25.船乗りの妻ならば

 春風を感じる夜。梓は初めて、真田珈琲本店の裏にある事務所へと、里見夫妻と一緒に連れてこられた。

 そこで話が合わない夫妻が向きあう。彼女も少し落ち着いたようで、真田の叔父の事務所にあるソファーでじっと座っている。

 雑然とした事務所の奥にあるキッチンで、真田珈琲の主でバリスタである輝久叔父が珈琲を淹れている。

 私服だけれど輝久叔父の洗練されたバリスタの動きを、梓もそばで手伝いながらじっと眺める。本当だったら、大好きな彼の叔父様『素敵、かっこいい』とはしゃぎたいところだけれど、そんな気分にはなれない。

 向きあったまま会話をなくしてしまった夫妻の間に、真田社長自ら淹れてくれたアイリッシュコーヒーが振る舞われる。

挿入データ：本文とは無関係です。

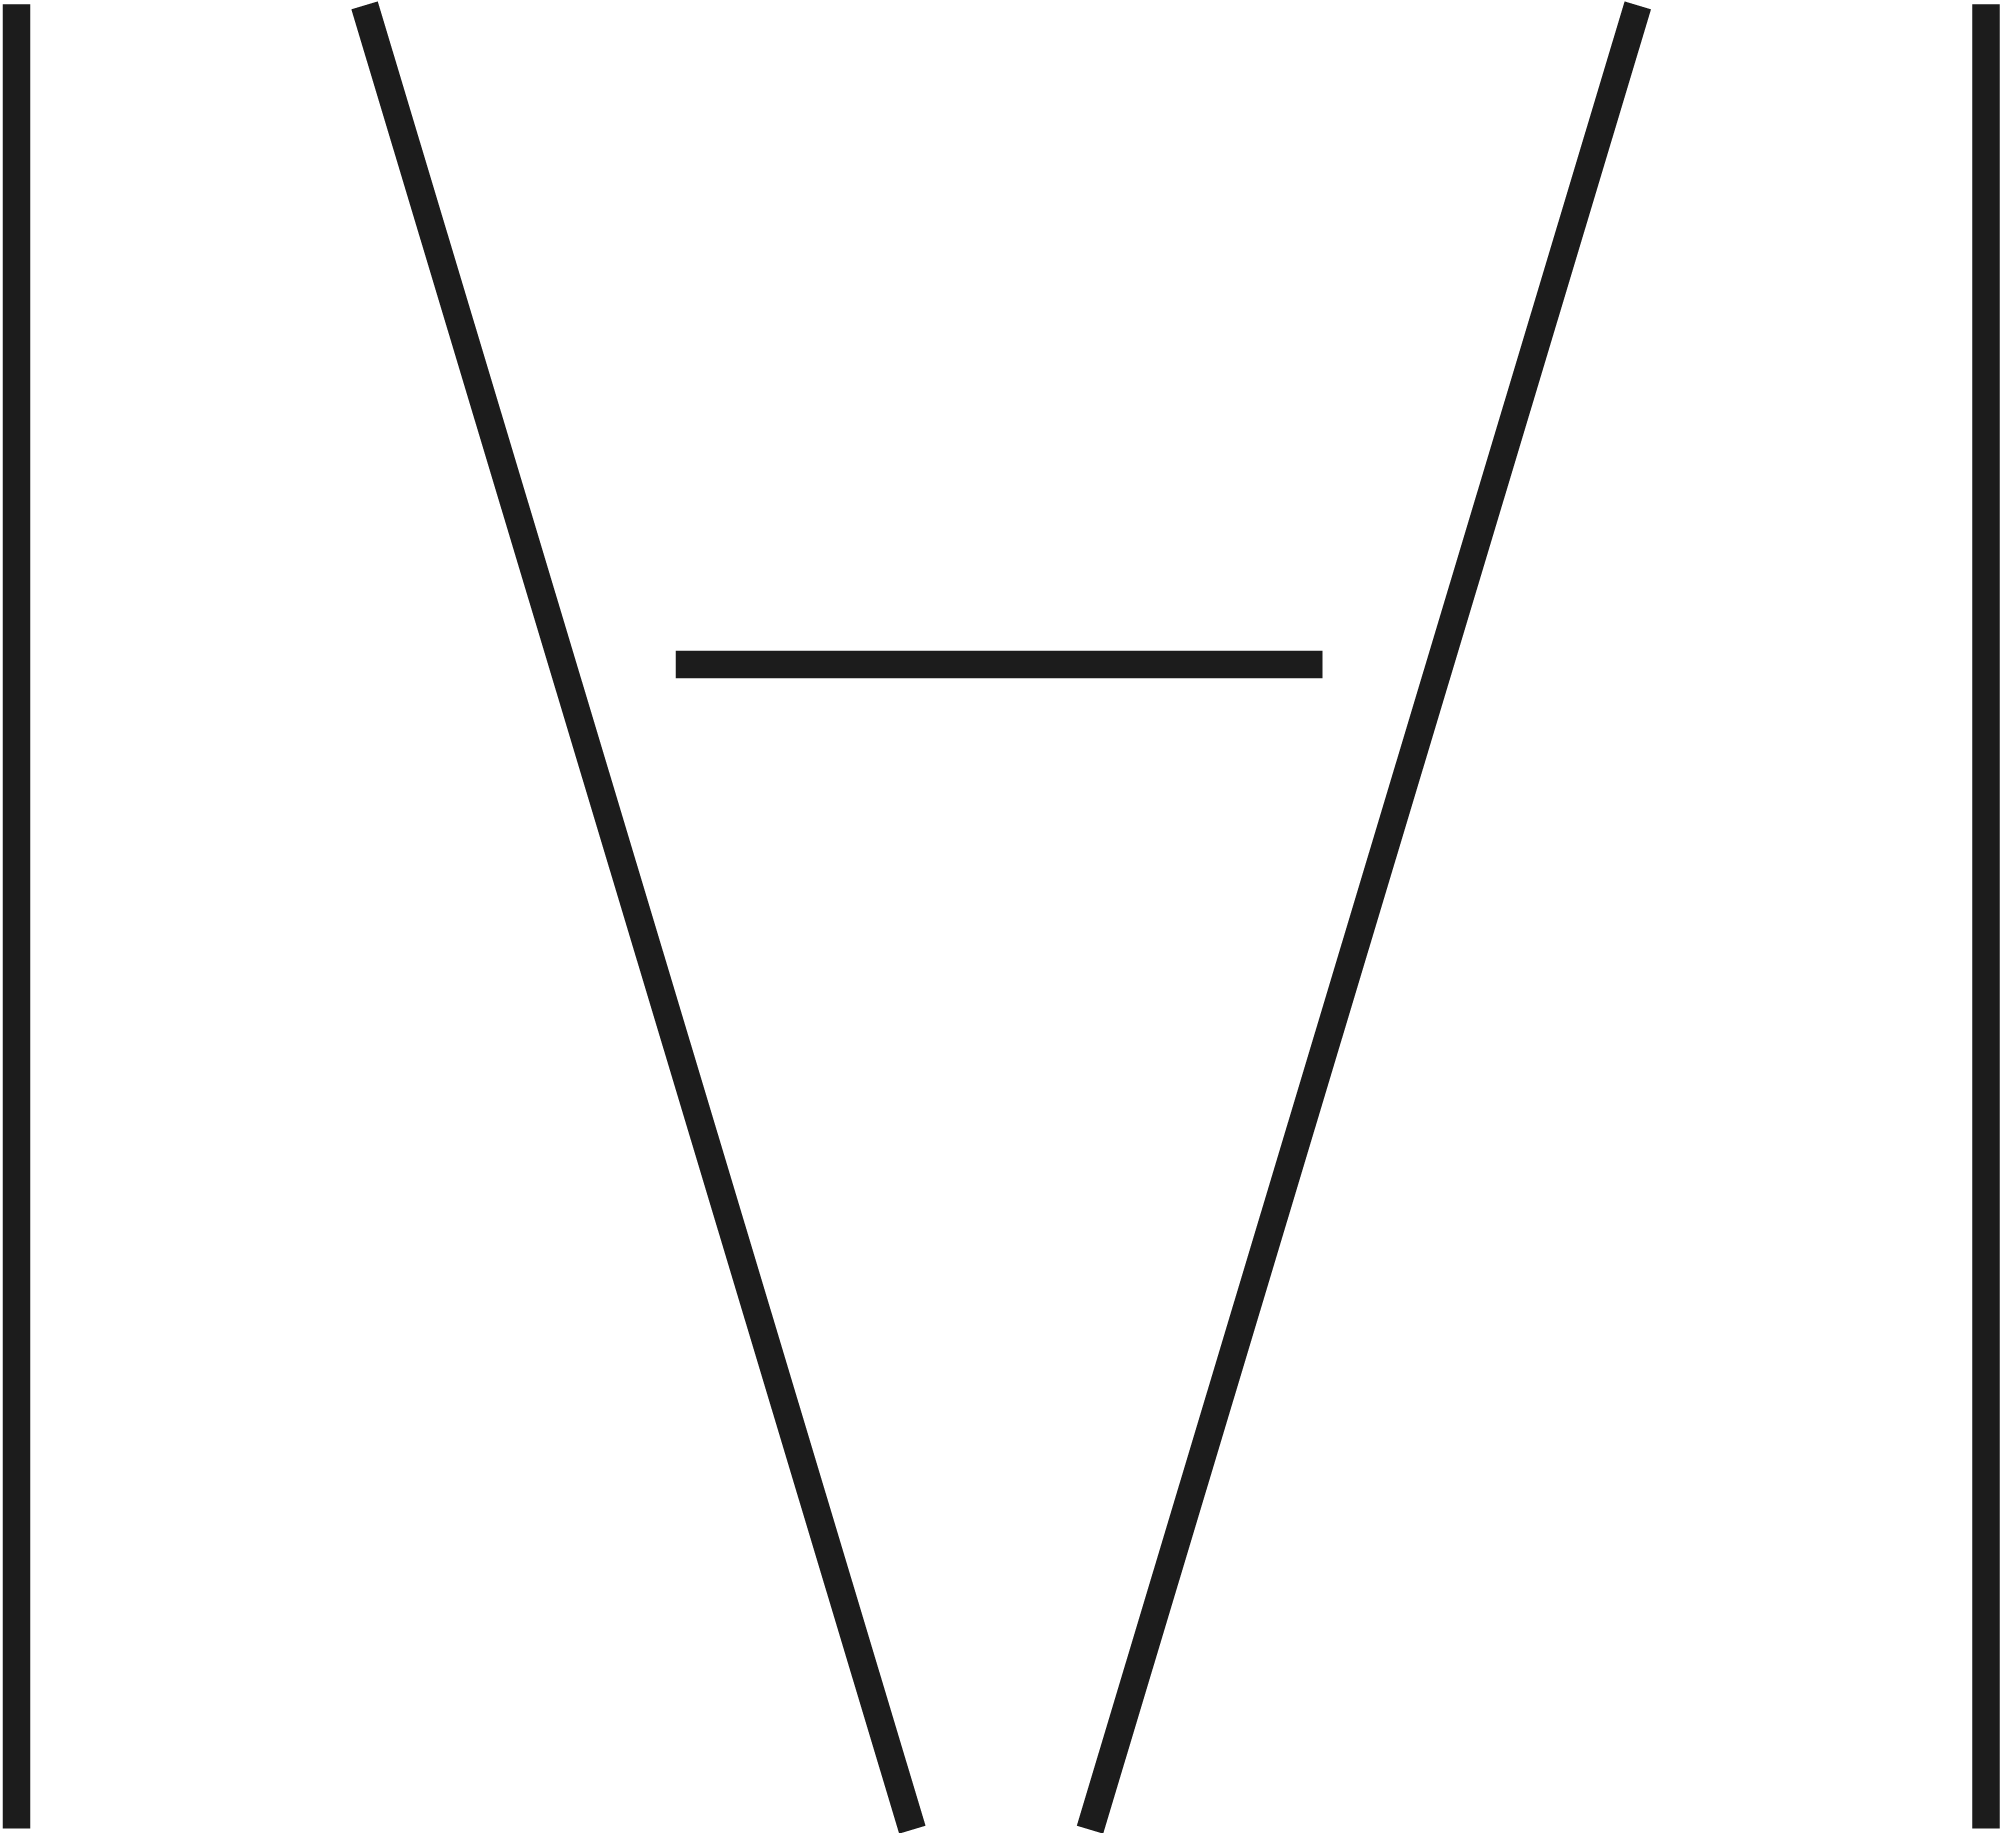 MEDAA-Monogram

 ラッキーな方達だと梓は思う。ここの市民なら真田珈琲社長が自ら淹れてくれるコーヒーに出会いたいと思っているだろうに、そのうえおじ様が淹れるなら右に出る者ナシのアイリッシュコーヒーが飲めるなんてなかなかないこと。

 でも、いまこの人達には関係がないのだろう。そして、そんなことは真田社長にも関係がない。市民が持て囃しているだけのことで、自分は特別なものと有り難く思って欲しくてふるまっているのではない。その思いが梓には伝わってくる。

 きっと、落ち着いて欲しくて、気分をほぐすリキュールの香りがするコーヒーを選んだに過ぎない。

 手持ち無沙汰な様子の夫がまずカップを手に取った。ひとくち飲むと、表情が一変した。

「うまい……、初めてです。このようなコーヒー」

 それだけで沈んでいた彼の表情が笑顔になった。梓はおじ様のコーヒーは人の心を動かすものを持っているプロだと誇らしくなる。

「菜摘も飲んでごらん。すごくうまいよ」

 咄嗟に妻に勧めているその語り口は穏やかで、自然なもので、夫の顔だと梓は感じた。

 彼女も、目の前にその男性がいることに納得はしていないようだったがカップを手に取った。

 彼女の表情も一変する。でも彼女は夫とは違う顔。カップの中に揺れるコーヒーの水面へと、じっと視線を落としている。

「これ。初めてじゃない……、気がする……」

 真田の叔父が、縁なし眼鏡の顔でふっと笑った。

「覚えていてくれたんだね。菜摘さん。結婚する時、圭太朗の実家がある宇和島まで挨拶に行ったでしょう。その時、私の、この店にも寄ってくれ圭太朗と挨拶に来てくれたましたね。その時と同じものです」

 彼女が黙った。圭太朗が夫だと思い出したのなら、結婚しようとした幸せな時も覚えているはず。でも彼女はコーヒーのことは忘れている。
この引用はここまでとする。